第90話 各々の訓練

      ― 第七章 —


 S・F・Cの部門長会議の中でも議題に上がり問題になっていた。


 水使いのプロディガルである「クレアの死」は他のプロディガル達の間でも話題になり、もちろんS・F・Cの上層部の中でも疑問視されていたのだ。

それは、トラ子がいた戦いであったにも関わらずプロディガルが亡くなってしまった事にある。トラ子はベテランであり、周りの状況も把握し無理な行動は絶対にしない、させない事を一番に考えているからだ。そして、クレアもある程度のベテランであり、今までも無理をする事は無かった。そのベテランの一瞬の気の緩みを逆手に取られた出来事であり、大切な仲間が亡くなってしまった事だからである。

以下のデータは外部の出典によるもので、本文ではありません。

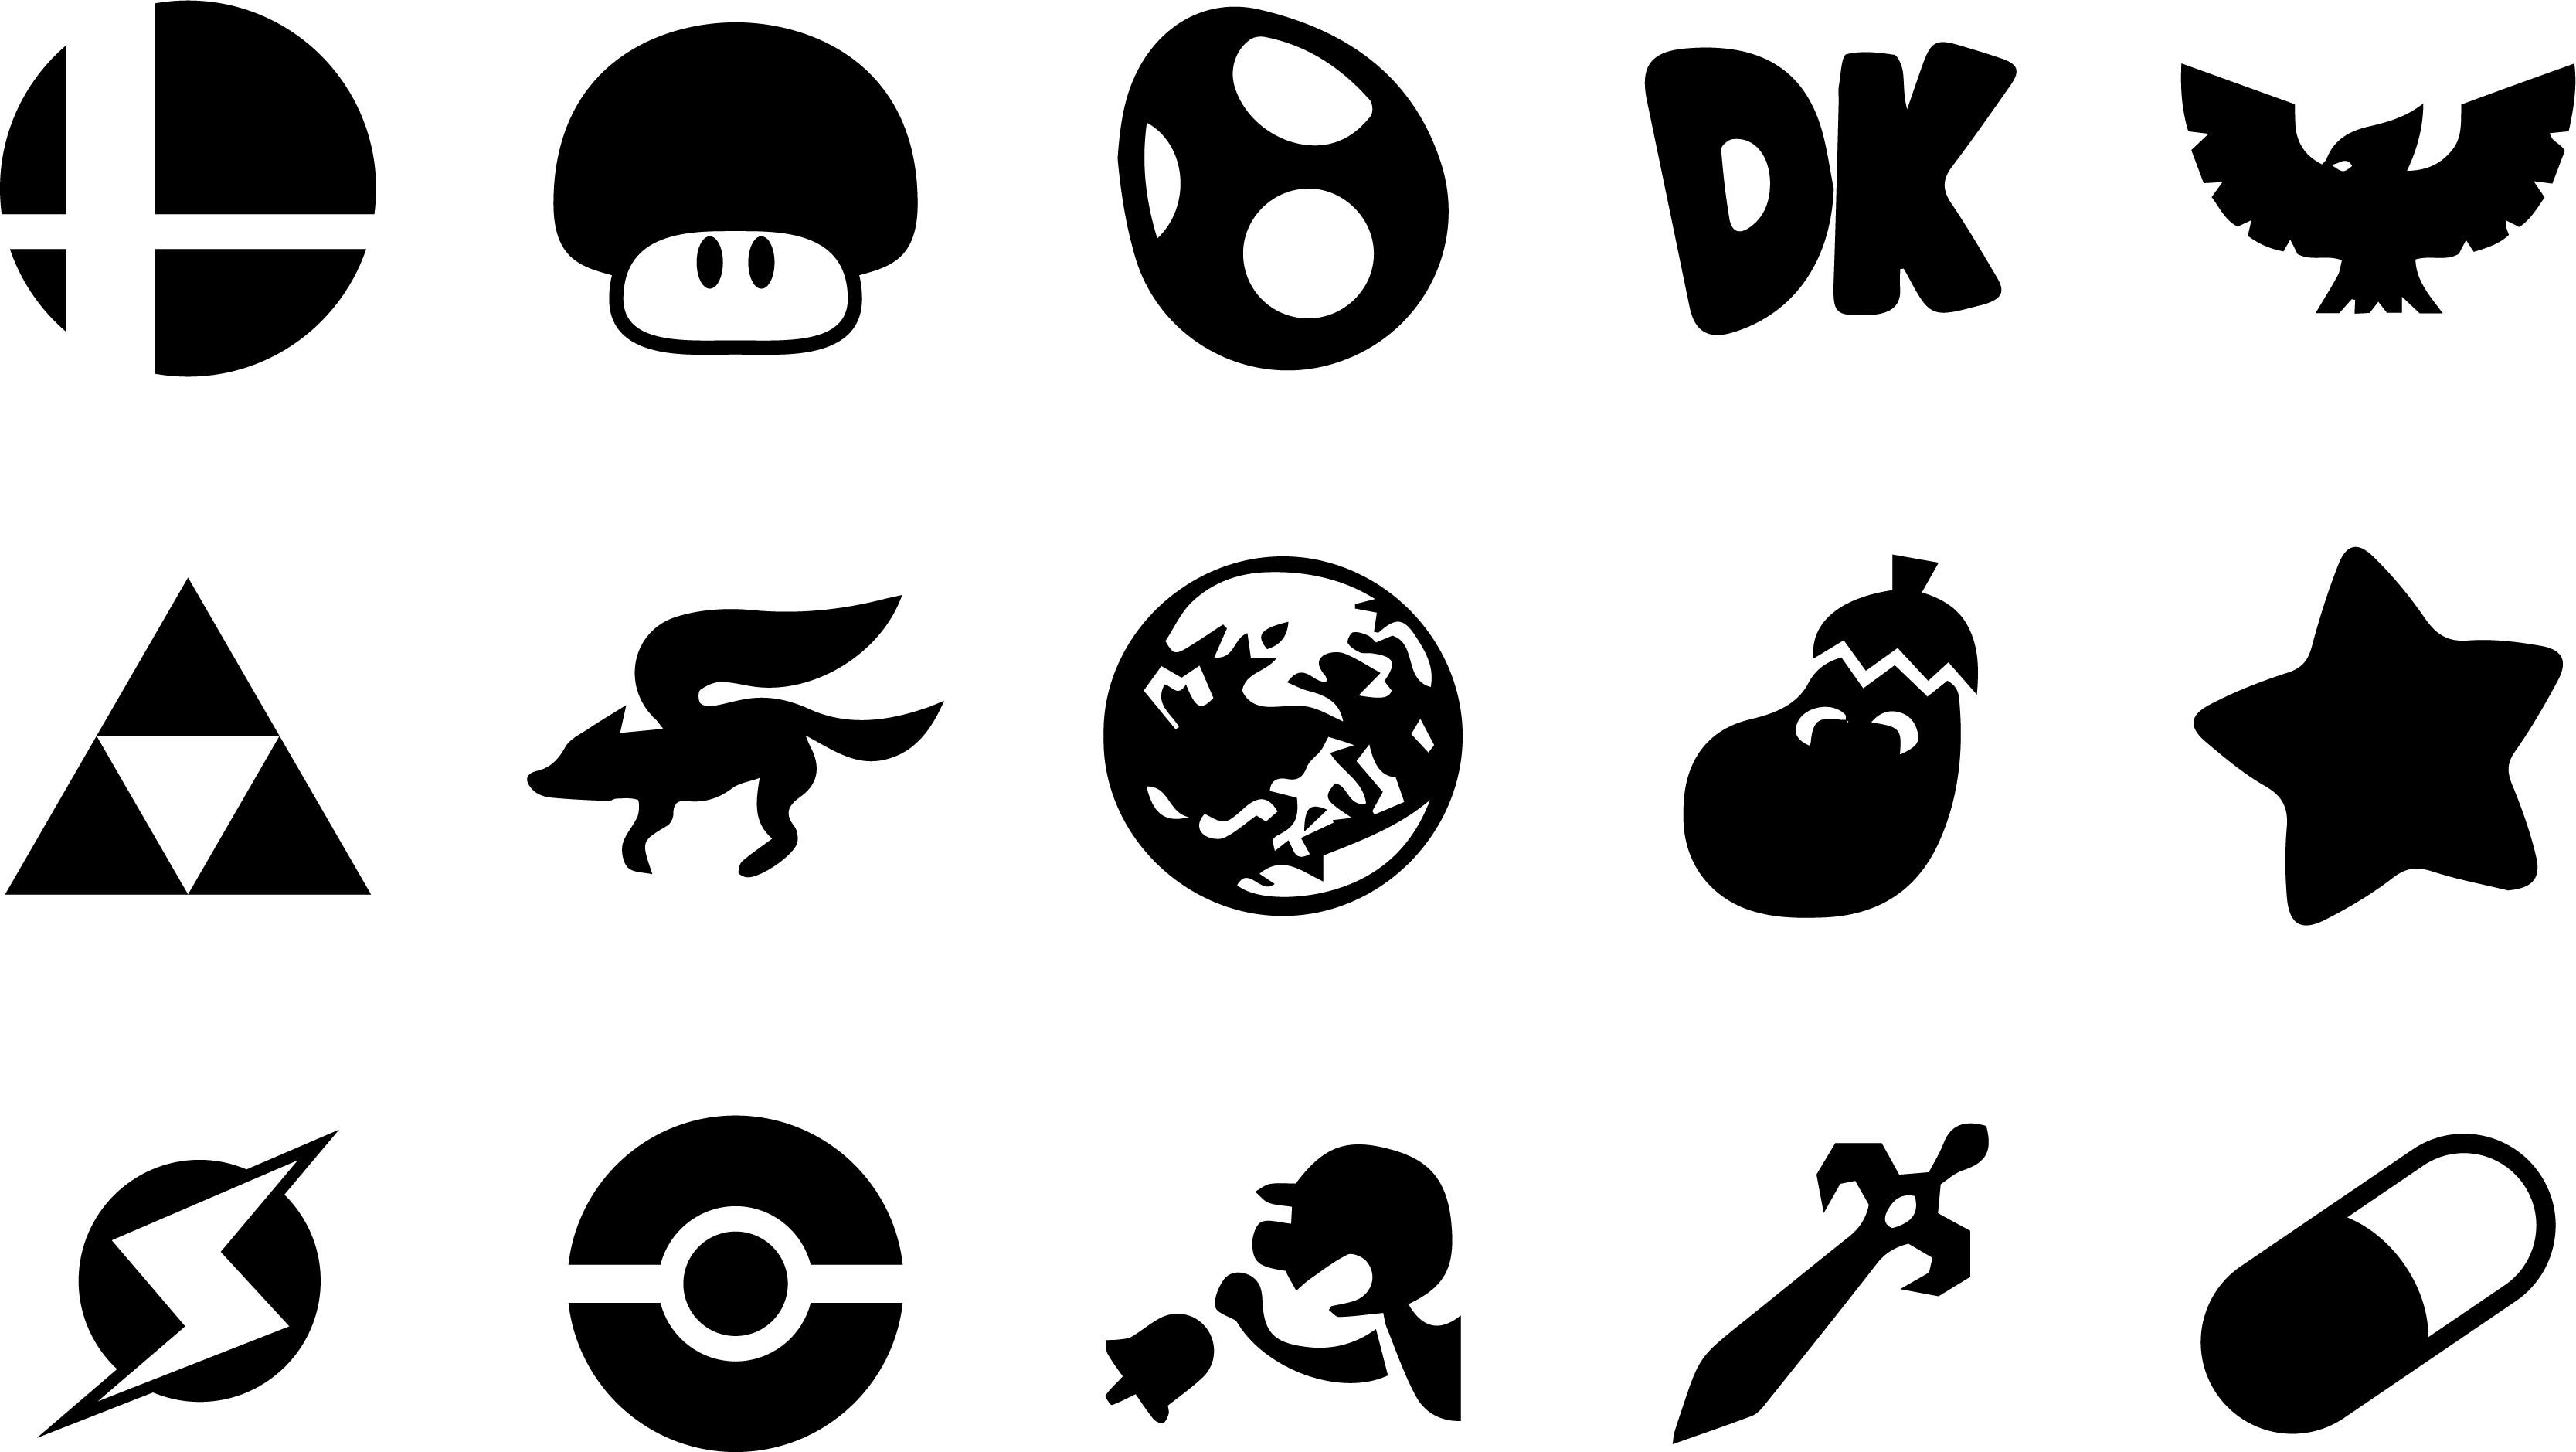 … Super Smash Bros Melee Icons by one-seb

 プロディガルの中でも「水の使い手」で、クレア程のスキルが有りランクが上の使い手はあまりいないのである。能力を表すランクは、そのプロディガルが持つ潜在的な力であり「素質」と言ってもいい位のものだ。努力したからといって必ず得る事が出来る様なモノでは無いのだ。

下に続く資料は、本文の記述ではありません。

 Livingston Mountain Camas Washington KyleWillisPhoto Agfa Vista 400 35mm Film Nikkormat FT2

 その能力者の死は、ランクが低いプロディガル達には逆に恐怖を与えてしまっていた。


 また、深刻な問題として取り上げられる理由は他にもあった。

ベテランがあの様な死に方をしたという事は、今後も怪物達がどんな手を使い奇襲をかけて来るのかが分からないからだ。「相打ち・不意打ち・敵討ち」からも、自らの命を掛けて攻撃をしてくる怪物がいるとしたならば、これ以上の恐怖は無い。

 戦いで勝利をしたとしても、気を許さずどんな事にも対処出来る様に体制を整えておく必要もあるという事だ。S・F・Cはまたしても、大きな課題を突き付けられ対応に追われる事となった。


     ― 地下4階 —


 その頃、S・F・Cのそれぞれの各階でプロディガルの玉子達がトレーニングをしていた。そのトレーニング方法とは体を鍛えたり、戦いの実戦練習をしたりするのでは無く、脳を刺激して脳細胞とリセの繋がりを深めるという事。リセを通じ全身の細胞に指令を送る事で全身の一体化を図るトレーニング方法であるのだ。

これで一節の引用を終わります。